FortiGate 601F in HA Secondary all RJ45 ports are either green or off

Setup | Brand new pair of 601F's running in HA a-p mode. Running on version 7.0.9 but also saw this issue on 7.0.7. Minimal straightforward configuration - single root VDOM, etc.

 

Issue | Seems to be triggered by HA changes/reboots the secondary. All of the RJ45 ports  on the device are lit up but nothing's plugged in. Or they will all be showing down even though some should be up.

 

Details:
We had the pair running in HA utilizing ports port1 and port2 as the ha heartbeat ports (instead of the native HA port). Everything appeared fine until we upgraded the firmware (7.0.7). The upgrade failed due to the secondary losing communication with the primary. The reason for this is because once the secondary was rebooted with the fresh firmware the ports (port1 and port2) never came back online - so HA wouldn't come up.

 

 

On a physical level, all RJ45 ports link lights were green on the secondary (even though they were not connected).
We entered the following command:
#'get system interface physical'
The cli shows those same ports as down.

RJ45portsallon.png

 

We decided to break the HA, upgrade the primary by itself, then tried to re-establish ha.

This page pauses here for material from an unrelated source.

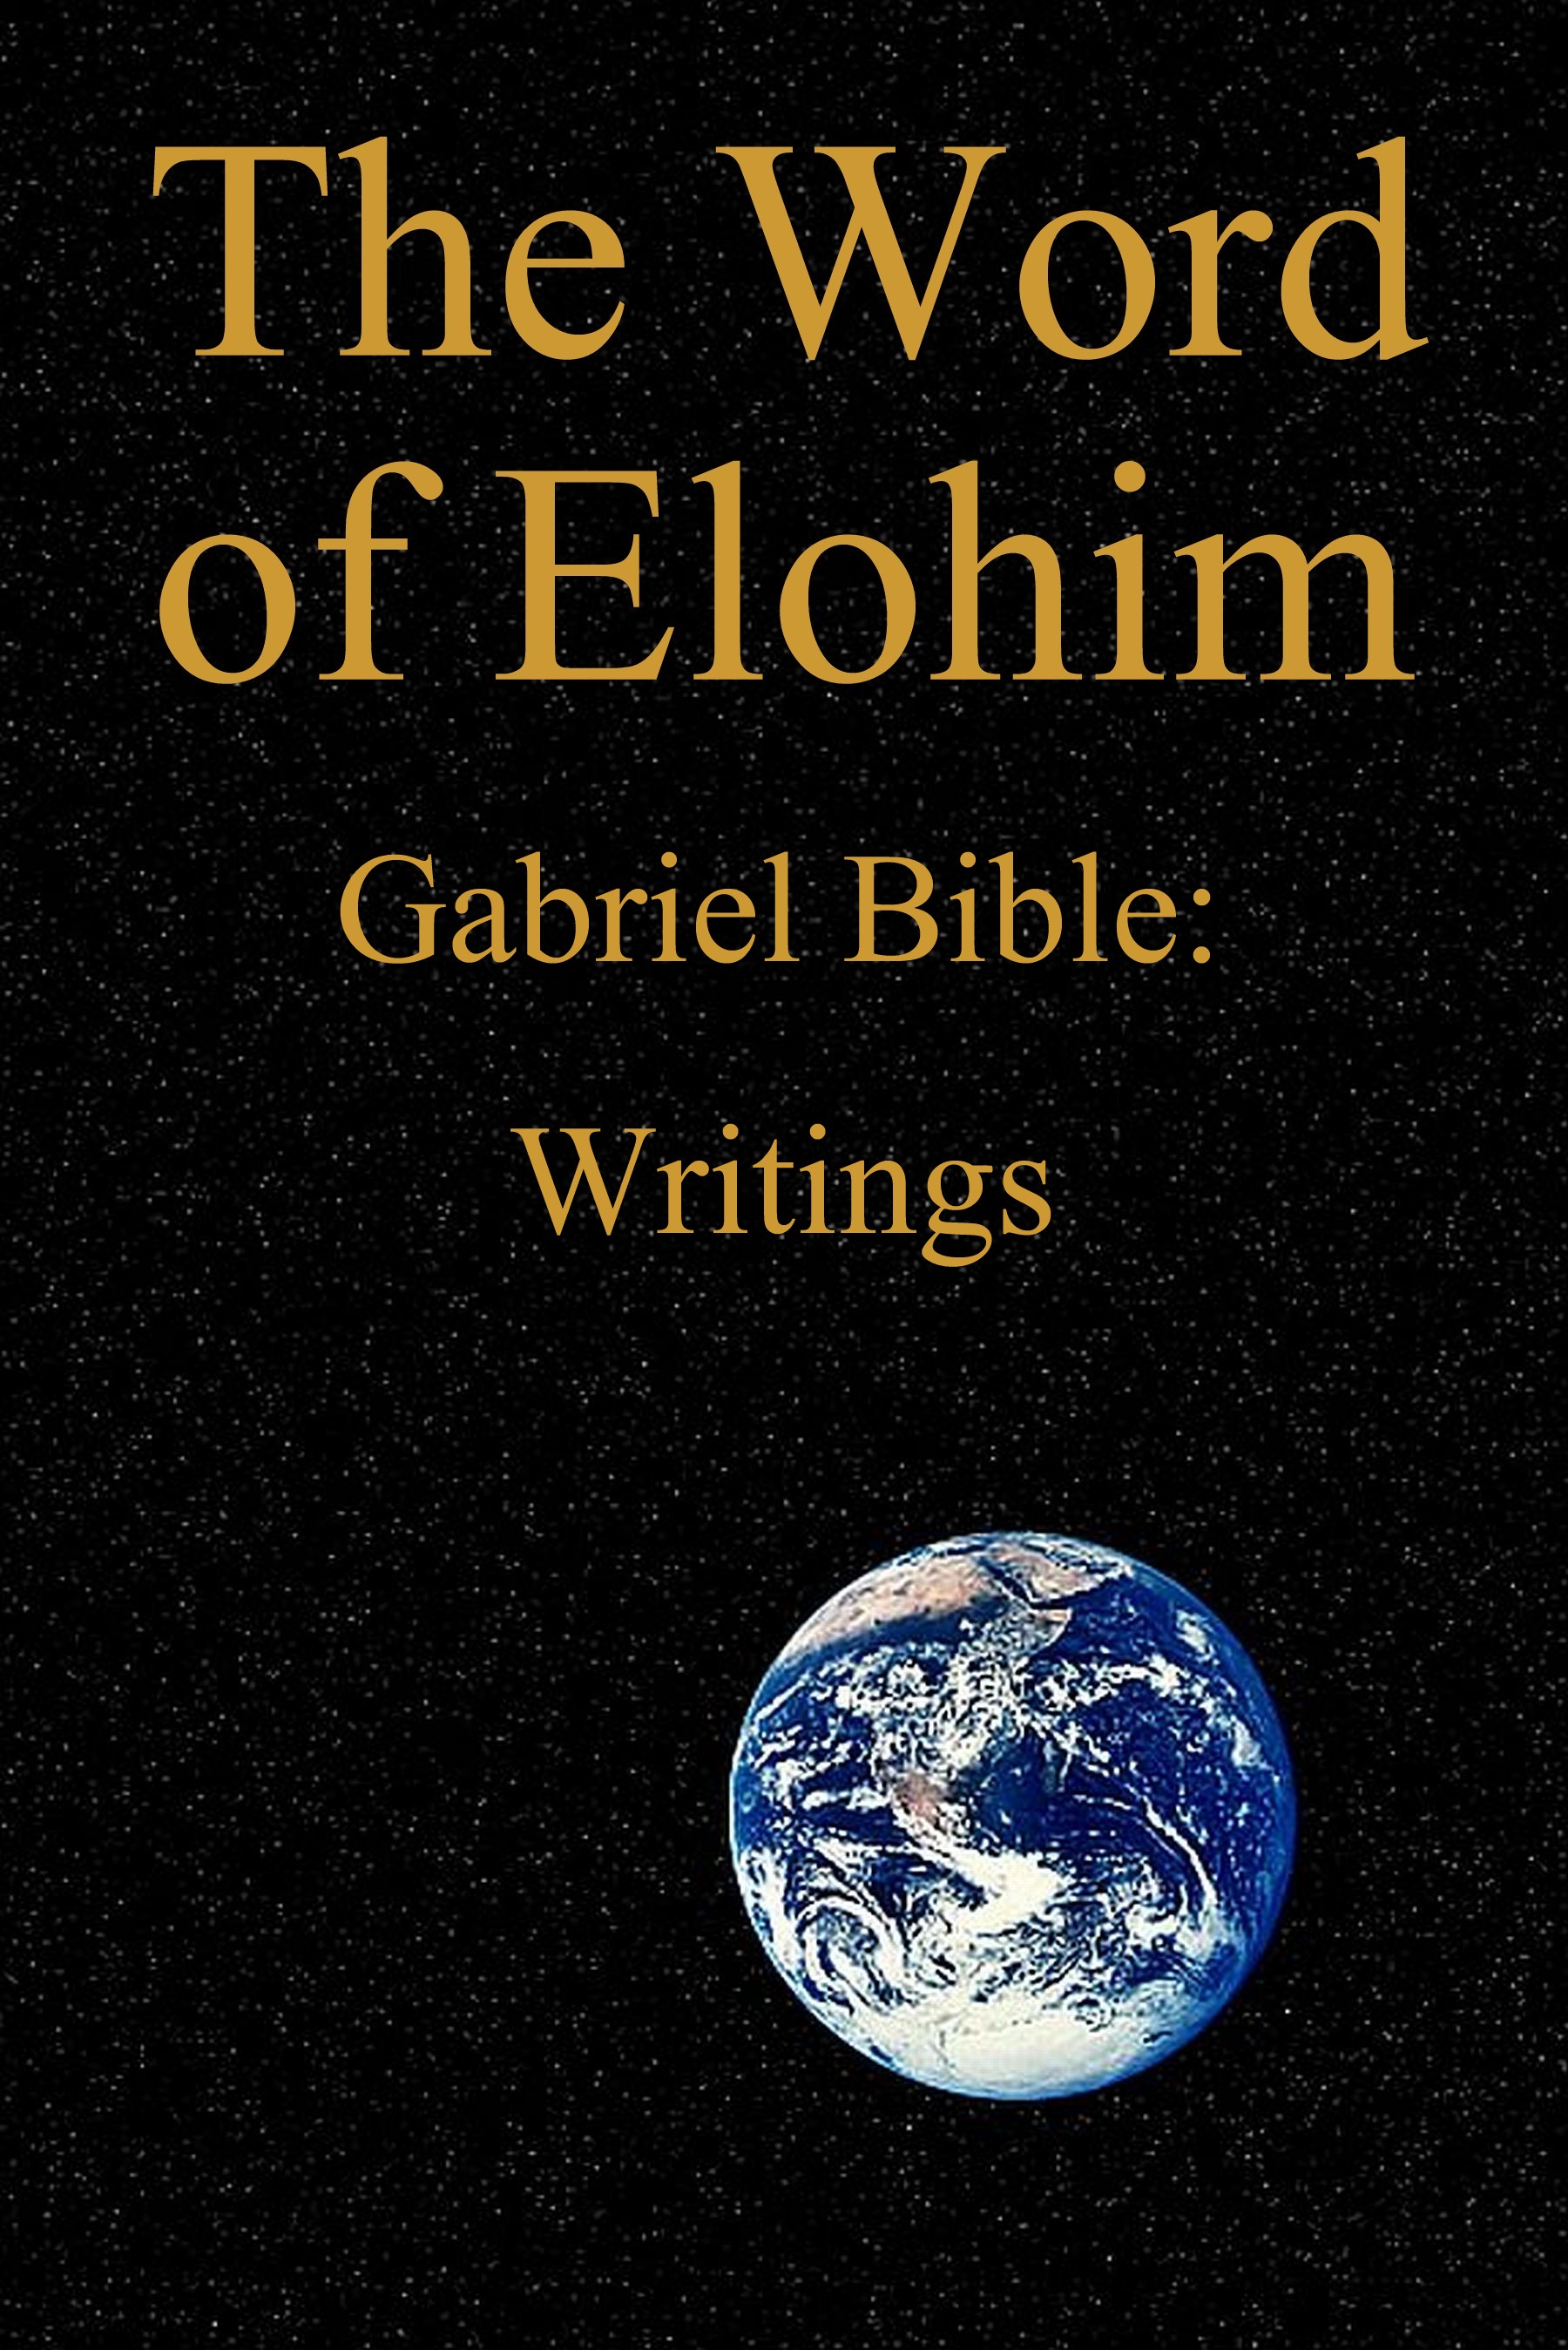 The Word of Elohim

After a 3rd reboot of the secondary and manually putting both devices on the same firmware the box randomly started functioning as designed. We checked the logs but there was no way to identify what issue was with the ports malfunctioning and we decided to just leave it and if it happened again we would get support involved while it was happening.

 

A few weeks later another upgrade (7.0.9) came along and we pushed it. The exact same thing happened, this time we got support on the line who wasn't able to find anything wrong with the box via the cli and kept telling us the issue was due to the ports we had for HA not being plugged in. They didn't believe us that they were plugged in until we got someone onsite to take a picture and showed all status lights were off.

 

The secondary box was RMA'd.

 

New box arrives - upgraded it to match the other unit (7.0.9). Setup HA, boxes synced no issues. Runs for a week no issues.

 

Then randomly we come in today and the HA is broken. It isn't just out of sync the other box isn't even showing up in the GUI or via cli (get sys ha status). So we check and again all RJ45 port's link lights were on (this is the new box that just arrived last week from the RMA). We reboot and then all ports are off.

 

Last thing we tried was using the actual HA port. We moved the cable over to the native HA port and configured the CLI to match - same symptoms happen but now we can see both boxes in the ha status tab as the real HA port works.

Has anyone dealt with this before?

 

All ports Red are actually connected and should be upAll ports Red are actually connected and should be up

RJ45Portsalloff.png

UsingBuiltinHAport.png

 

 

Update 1:

It was discovered if we reload the box while all ports are disconnected it fixes itself.
Actual steps:

1. Unplug all ports

2. Reload the device

3. Once device is completely back up and running plug in the HA, waited for the primary to recognize it

4. Plug in the rest of the ports.

JamesB_1-1670875182060.png

 

This tells me something in the HA control plane between the primary and the secondary is erroring out the secondary box.

 

 

Update 2:

 

I am able to recreate the issue simply be rebooting the secondary box with ports plugged in.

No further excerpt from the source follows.